Он посмотрел на меня долгим взглядом, наконец моргнул и отвернулся. Кивнул.

— Вот у Бернардо таких правил нет.

— Я догадалась.

— Я вообще-то здесь сижу, — наполнил Бернардо.

— Его беспокоит, что ты его не предпочла, — сказал Олаф.

— Мы с Бернардо этот вопрос обсудили и утрясли.

— А что значит это? — спросил он.

— Значит, что Анита признала меня привлекательным, и мое самолюбие не пострадало.

Олаф посмотрел на него, потом на меня, нахмурясь:

— Не понял.

— У нас на это времени нет, — со вздохом сказал Эдуард. — Кто какую роль играть будет?

— Кого бы я ни выбрала в любовники, он должен будет только держаться со мной за ручки. Это чтобы убедить Вивиану; предлагать мне ее тигров — бестактно.

— Значит, не Олаф, — заключил Эдуард.

— И не ты, — ответила я.

— Я тебя пугаю, понятно, — сказал Олаф. — А Тед почему не годится?

— Хорошая игра заставляет вживаться в роль, и у меня было бы ненужное чувство, когда я навестила бы его семью.

Вот это была правда.

Бернардо, улыбаясь, наклонился вперед:

— Значит, счастье выпадает мне?

Я посмотрела на него хмуро:

— Я тебе даю второй шанс сыграть моего бойфренда. Не заставь меня об этом пожалеть.

— Ладно, в прошлый раз не тебе пришлось раздеваться под дулом пистолета.

Это он сказал совершенно серьезно, не чтобы меня подразнить.

— Кому и зачем надо было, чтобы ты разделся? — спросил Олаф.

— Они задали хитрый вопрос, чтобы проверить, действительно ли он мой любовник.

— Какой вопрос?

— Спросили, обрезан я или нет, — ответил Бернардо и сейчас некая игривость в его голосе имелась. — Потом проверяли ее ответ.

— И как? — спросил Эдуард.

— Ответила правильно.

— Откуда ты знала? — спросил Олаф, и с неподдельной возмущенной интонацией.

Я расстегнула привязной ремень.

— Слушай, перестань сейчас же. Ты еще не заработал право на ревность или обиду.

Олаф глянул на меня неприветливо.

— Сонни и Паук видят, как мы спорим, — напомнил Олаф.

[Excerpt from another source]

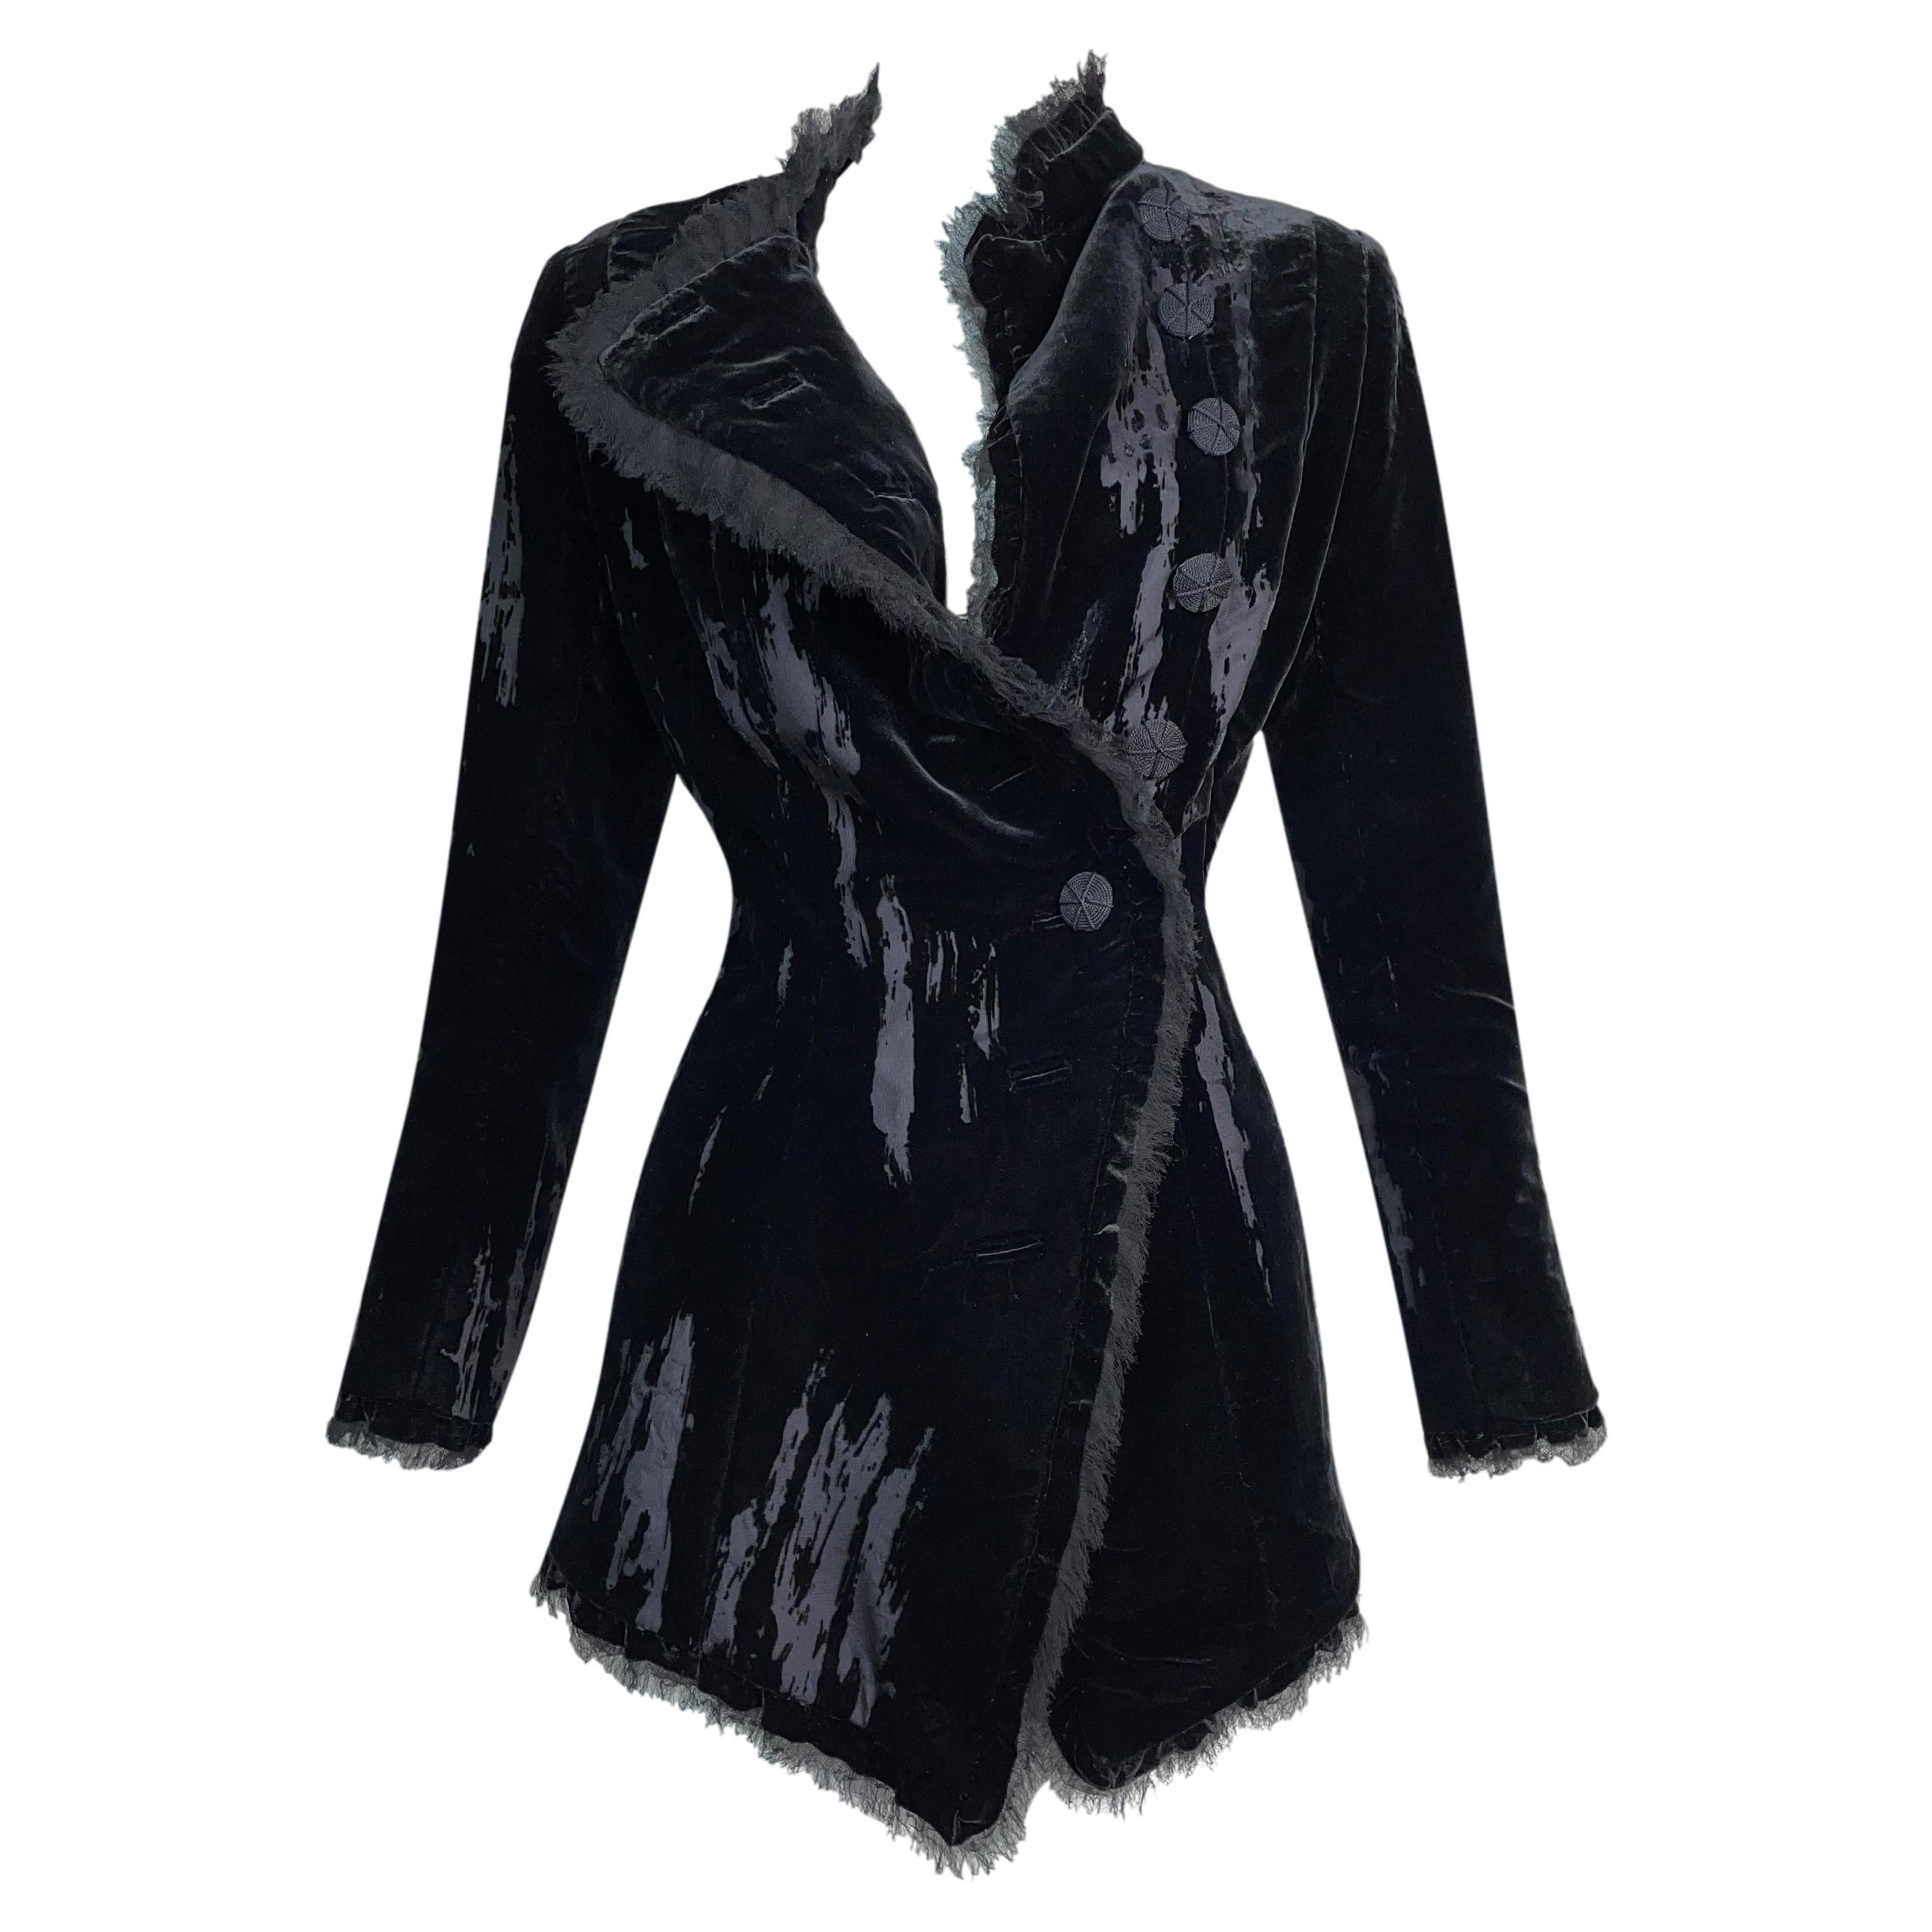 S/S 2005 Christian Dior by John Galliano Haute Couture Black Velvet Jacket

Я забыла про двух полисменов, что ехали за нами. Это даже не небрежность, для этого нет названия.

— Ладно, хорошо, только я всерьез говорю, Олаф. Польщена, что ты пытаешься за мной ухаживать, как нормальный мужик, только нормальный мужик не станет ревновать еще даже до первого поцелуя.

— Неправда, — сказали в один голос Эдуард и Бернардо.

— Как? — переспросила я.

Они переглянулись, потом Эдуард сказал:

— Я втрескался когда-то в одну девицу, всерьез и впервые. Никогда ее не целовал, даже не держал за руку, но ревновал ко всем, кто оказывался рядом.

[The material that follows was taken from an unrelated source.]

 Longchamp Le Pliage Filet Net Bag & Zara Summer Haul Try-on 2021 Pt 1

Я попыталась себе представить молодого робкого Эдуарда — и не смогла. Но приятно было знать, что когда-то и он был мальчишкой а то иногда казалось, что Эдуард вышел какой есть из головы какого-то гневного божества, Палладой зла.

— Мне случалось ревновать женщин, у которых были романы с моими друзьями. На территории друзей не браконьерствуешь, но иногда завидно смотреть, как им хорошо вместе, — вставил Бернардо.

— Мы с Анитой думали, что ты готов браконьерствовать, — сказал Олаф.

— Ну, если я люблю женщин, это еще не значит, что у меня принципов нет. Серьезных подруг моих друзей я не трогаю. И жен тех, кто мне нравится.

— Приятно слышать, что у тебя есть принципы.

Я постаралась вложить в эту фразу побольше язвительности, и мне удалось.

— Не помнишь, — спросил Бернардо, — что там за поговорка насчет стеклянного дома?

— Я чужих мужей не трогаю.

— А я вампирш, — ответил он.

Очко в его пользу. Но вслух я сказала:

— Ты даже не знаешь, чего лишаешься.

— Я не хотел бы спать с женщиной, которая меня может заворожить взглядом. Надо все время помнить, чтобы в глаза не глядеть.

— Так что дело не в смертности, а в практичности?

— Да, и проблема с влажностью.

— Ты о чем?

— О том, что они мертвы, Анита, а у мертвых смазка не выделяется.

— Стоп. Прекратили, а то я сейчас себе это представлю. — И добавила, не успев подумать: — Для тех вампирш, кого я знаю, это не так.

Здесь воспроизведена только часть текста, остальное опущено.